Mathilda- Mary Shelley

 

 Bir eseri yazarından bağımsız düşünmek ve değerlendirmek mümkün mü? Bu aralar bunu çok düşünür oldum. Çok beğenerek okuduğum bir yazar vardı. Öyle cümleler kuruyor, öyle dokunuyordu ki kitapları kalbime.İçimde öyle çiçekler açtırmış, seviyorum davulları çaldırmıştı ki… Ruhum yirmili yaşlara geri dönmüştü adeta. Sonra hakkında çıkan haberler yüzünden kitaplarını okuyamaz oldum. Doğru yapıp yapmadığımı hala sorgularım. Bir yazıyı onu yazandan tamamen koparmak mümkün mü?

Bu düşüncelerle dolup taşmışken Mathilda’yı okumaya başladım. Mary Shelley’i Frankenstein ile tanıyoruz ama Mathilda’yı bilmiyordum. Kitap başta tasvirleriyle beni içine aldı sonra da konusuyla kapı dışarı attı kelimenin tam anlamıyla. Ne okuyorum ben dedim önce. Kitapta vurgulanan konu asla kabul edemeyeceğim, okurken bile ben yanlış anlıyorum herhalde dediğim bir durumdu. Baktım bu böyle olmayacak, üstelik kitabı okuyup tahlil etmek zorundayım. Danışman hocamın verdiği bir haftacık süre de tükeniyor yazarın hayatına odaklanayım önce dedim.

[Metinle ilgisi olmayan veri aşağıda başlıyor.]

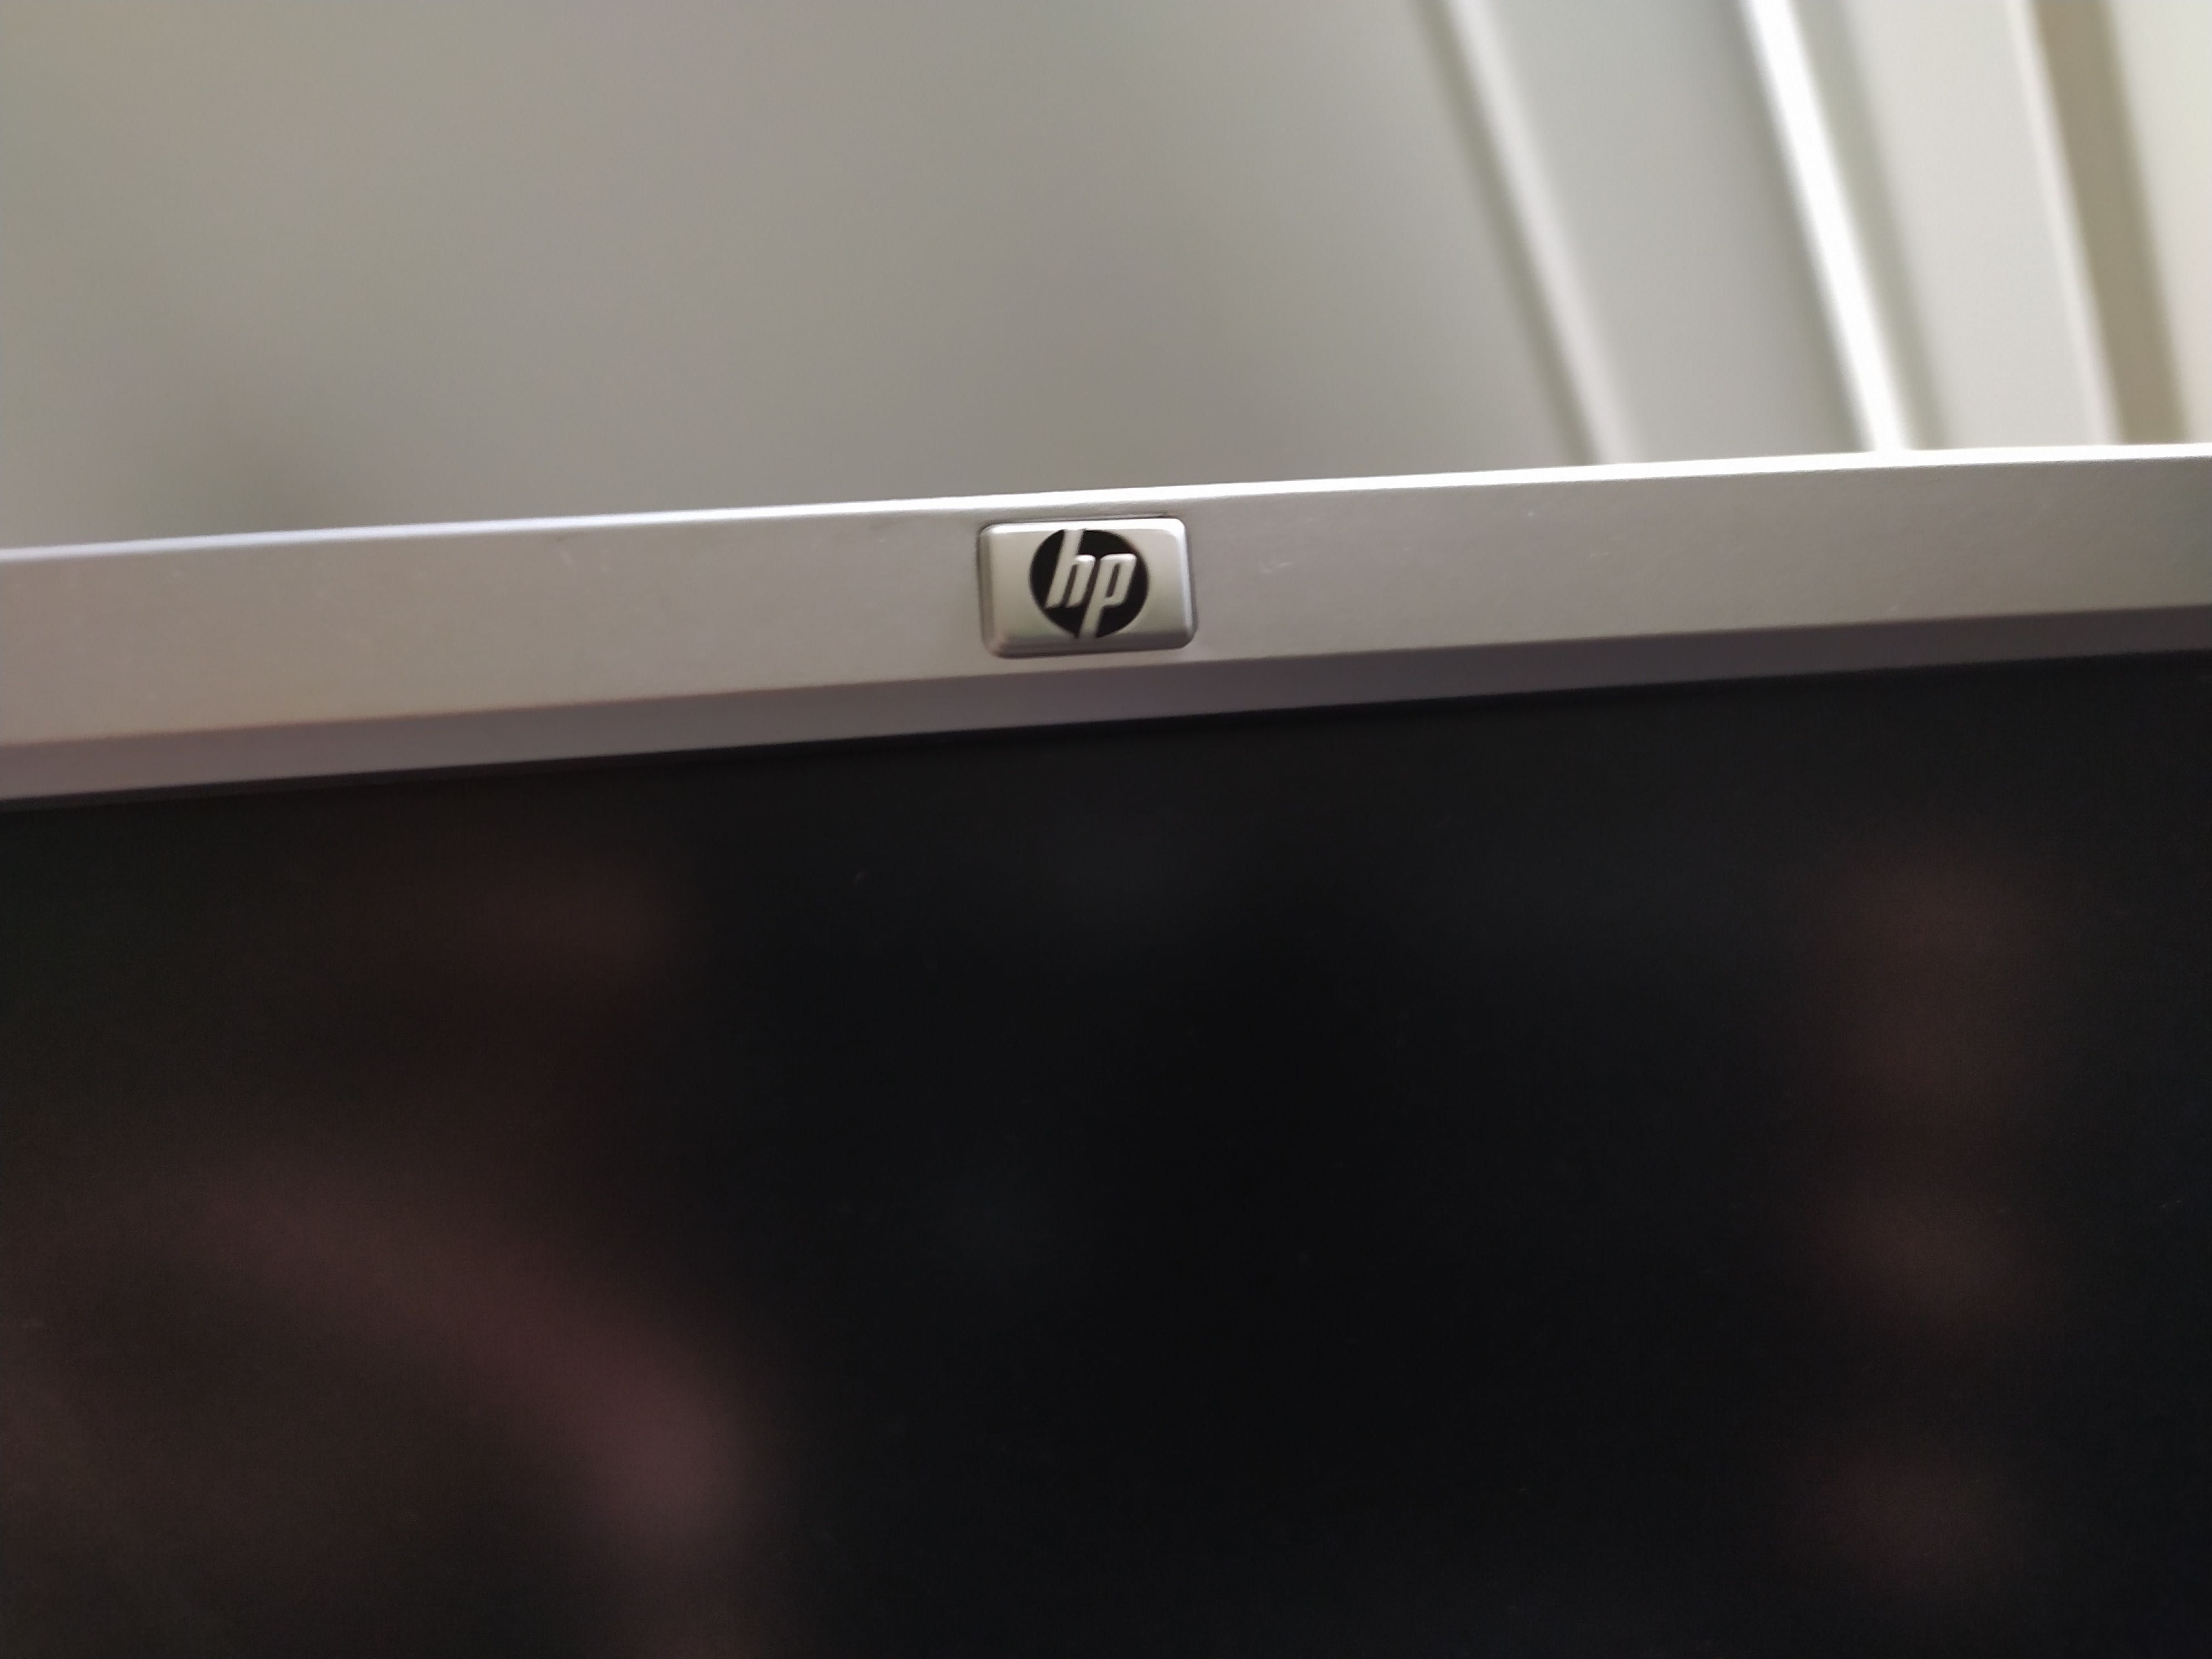 Monitor HP rotativo de 19 polegadas

Yazarın hayatı tamamen ölümlerle çevriliymiş meğer. Doğduktan 10 gün sonra annesini kaybetmiş. Evli sevgilisiyle kaçmış. İlk çocuğu erken doğmuş, kaybetmiş. Sevgilisinin karısı intihar etmiş. 1818’de kızı 1 yaşındayken ölmüş. 1819’da oğlunu sıtma yüzünden kaybetmiş. 1822’de eşi 29 yaşındayken tekne kazasında vefat etmiş.1824’te yakın arkadaşını kaybetmiş.

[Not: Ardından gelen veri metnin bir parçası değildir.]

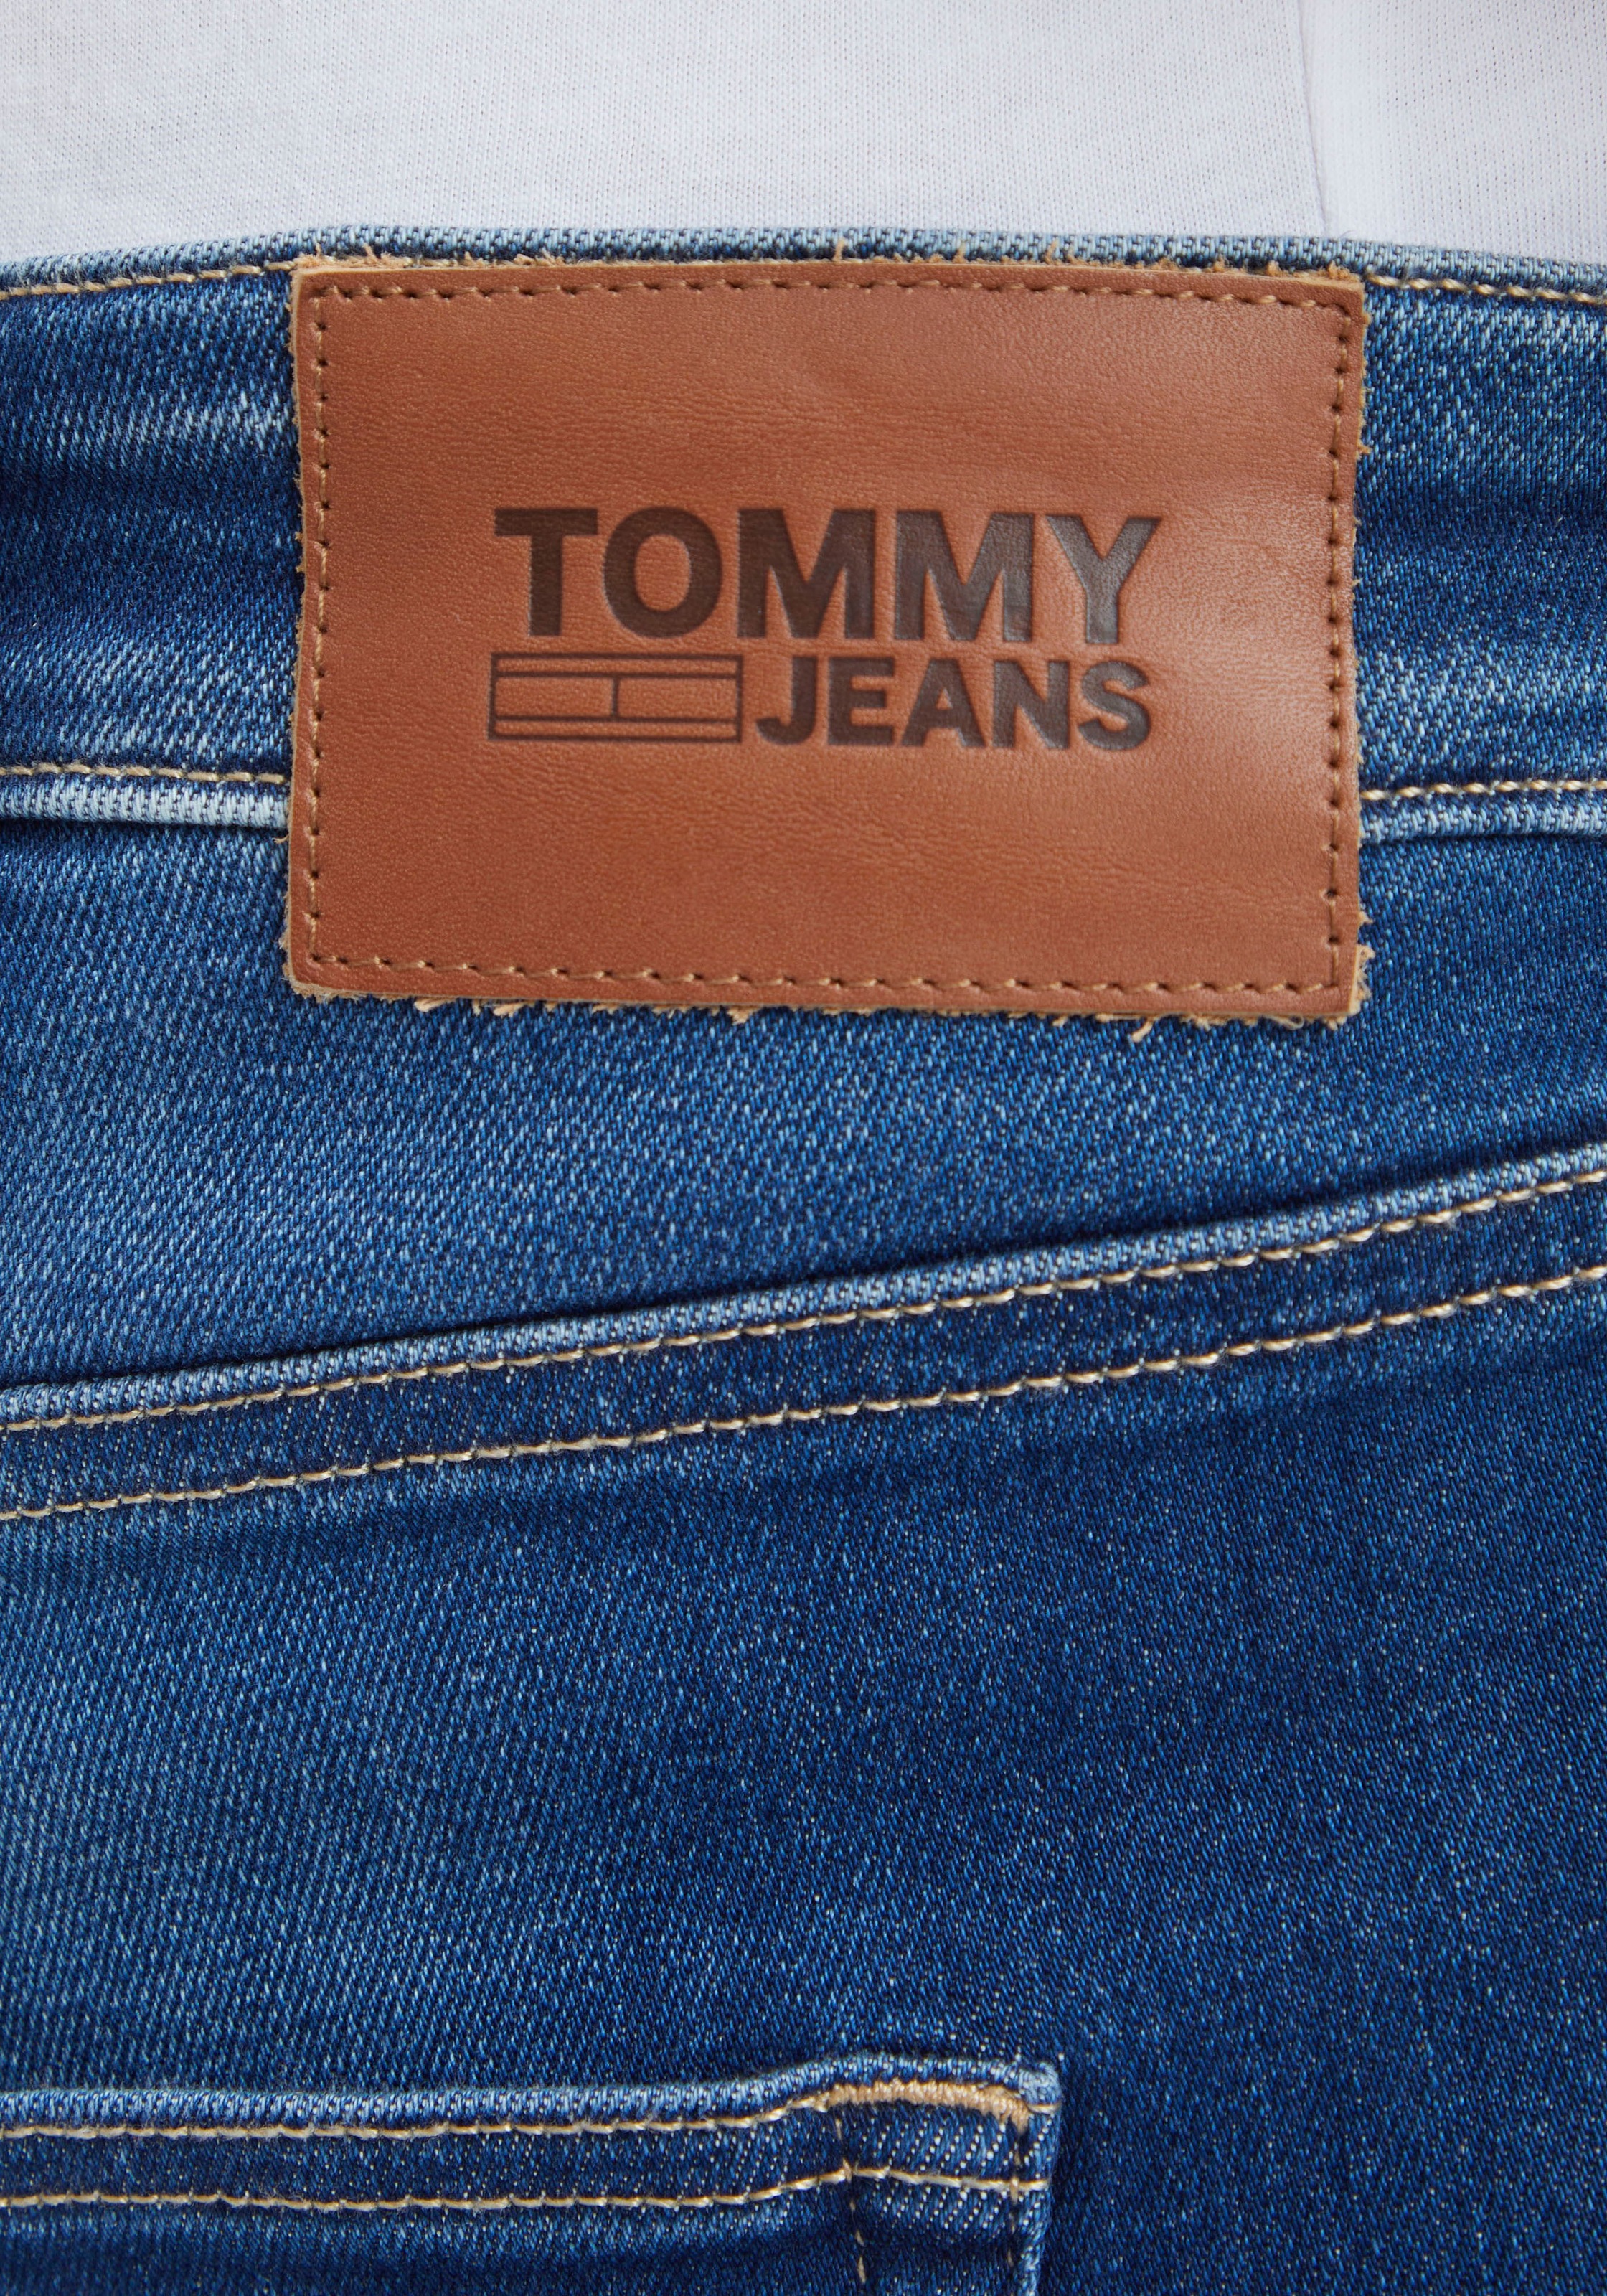 »SCANTON CE«, mit Jeans Tommy Tommy PLUS Jeans Slim-fit-Jeans ♕ Plus bei Nieten

Tüm bu ölümlerden sonra yazarın ruh halinin nasıl olacağını ve yazılarına nasıl etki edeceğini düşündüm. Yazar kitabında bize tabu gelen bir meseleyi anlatmaktan ziyade başka bir şeyler anlatmak istiyor dedim ve kitabın kapısı aralandı.

Mathilda, tıpkı yazar gibi annesini doğumda kaybetmiş, dünyaya gelmesi onu dünyaya getirenin can vermesine sebep olmuş bir kızdır. 16 yıl boyunca babasından da ayrı bir yaşam sürer. 16.yaşında babası yaşadığı buhrandan kurtulup kızıyla yaşamaya başlar. Mathilda’nın hayatındaki en mutlu günler başlar ama kısa sürer. Babası kızına gösterdiği yoğun sevgiyi aynı hızla geri çeker. Bu geri çekişin sebebi babasının hayatına mal olur. Mathilda’nın hayatı da bir daha eskisi gibi olmaz. Ama aslında yazarın anlatmak istediği şey başkadır.

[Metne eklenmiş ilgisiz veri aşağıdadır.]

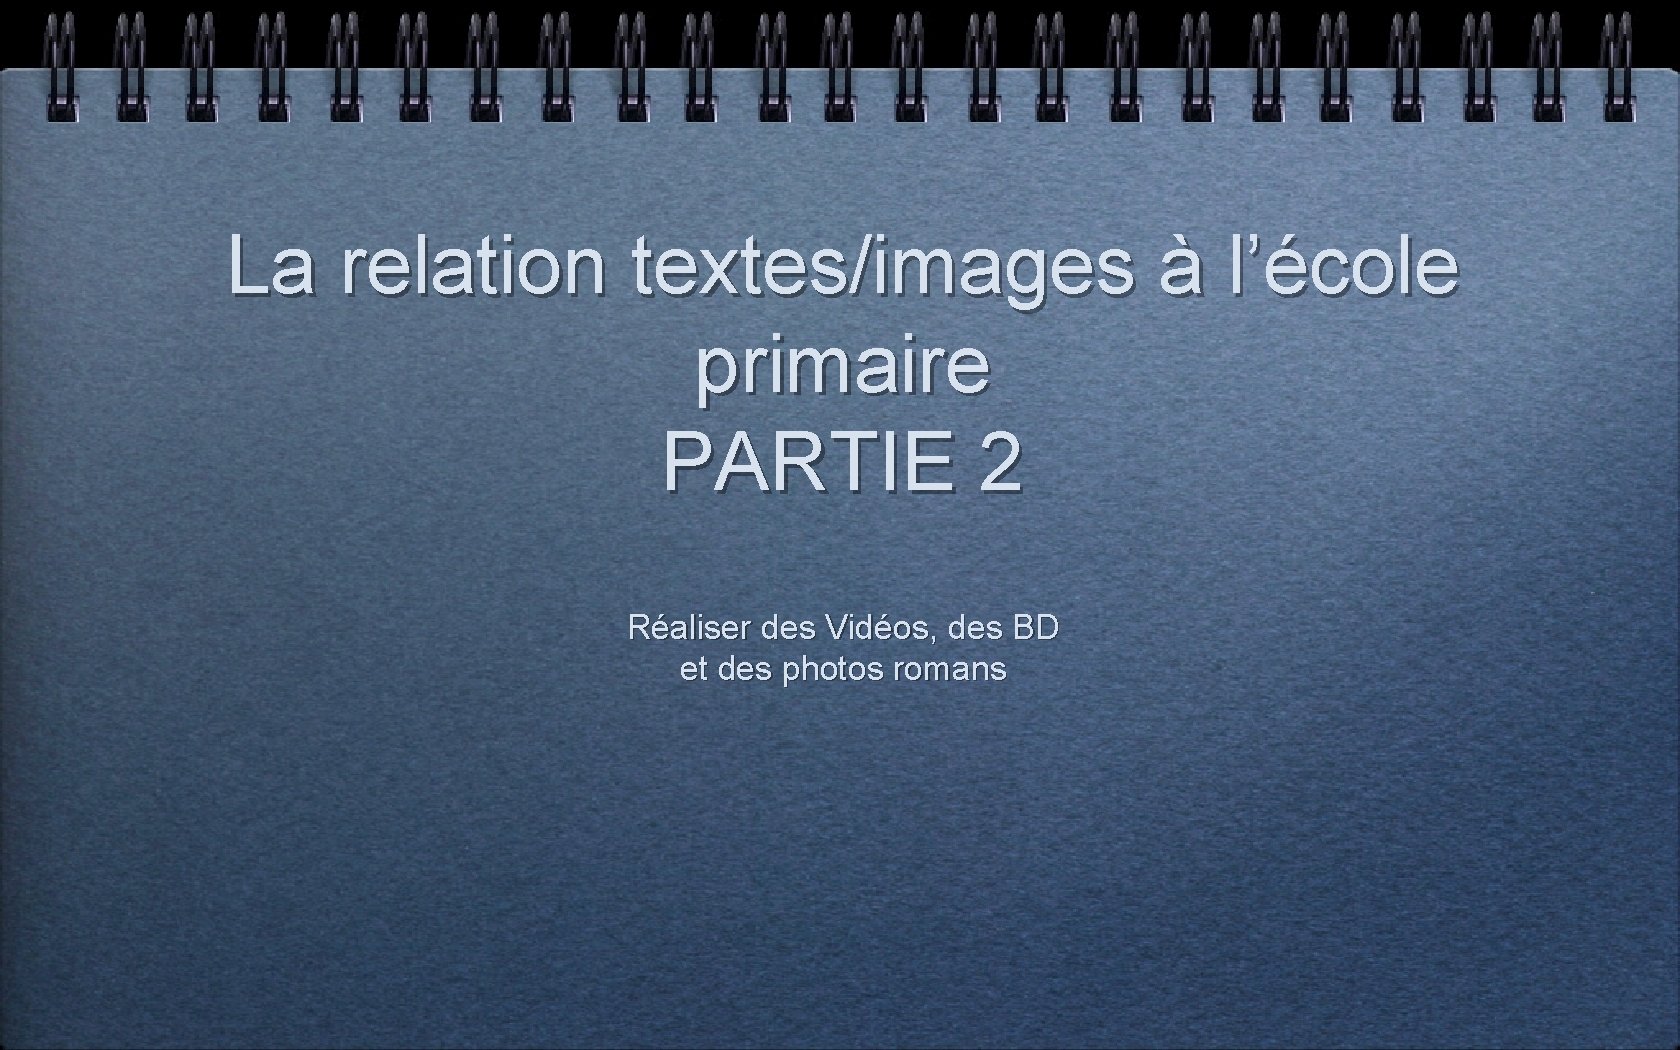 La relation textes/images à l’école primaire PARTIE 2 Réaliser des Vidéos, des BD et

Yazar Mathilda’da bireyin varoluşsal yalnızlığını merkeze alır. Kendi varlığını anlamlandırmak için de ölüm fikrinin etrafında dolanıp durur. Karakter ölümü bir çözüm olarak görmez. Varoluşu sonra erdirip anlam arar. Eserde acıdan anlam üretme üzerinde yoğunlaşılmıştır. Acı insanı var kılan şey olarak belirtilir.

Ayrıca babası öldükten sonra doğaya sığınır. Doğa burada koruyucu bir alan olarak görünür. Tıpkı bir anne figürü gibi. Kitabın sonlarına doğru Mathilda kendisi gibi acı çeken bir arkadaş bulur ve arkadaşı onu tekrar hayata bağlamak için çabalar ama Mathilda’nın içindeki ölüm arzusunu dindiremez.

Sahi ölüm olmasaydı var olmanın bir anlamı olur muydu? Peki hiç hayata geçirmeyeceğimiz düşünceler bizi günahkar yapar mı? Mathilda’yı okursanız bunu niye sorduğumu da anlarsınız.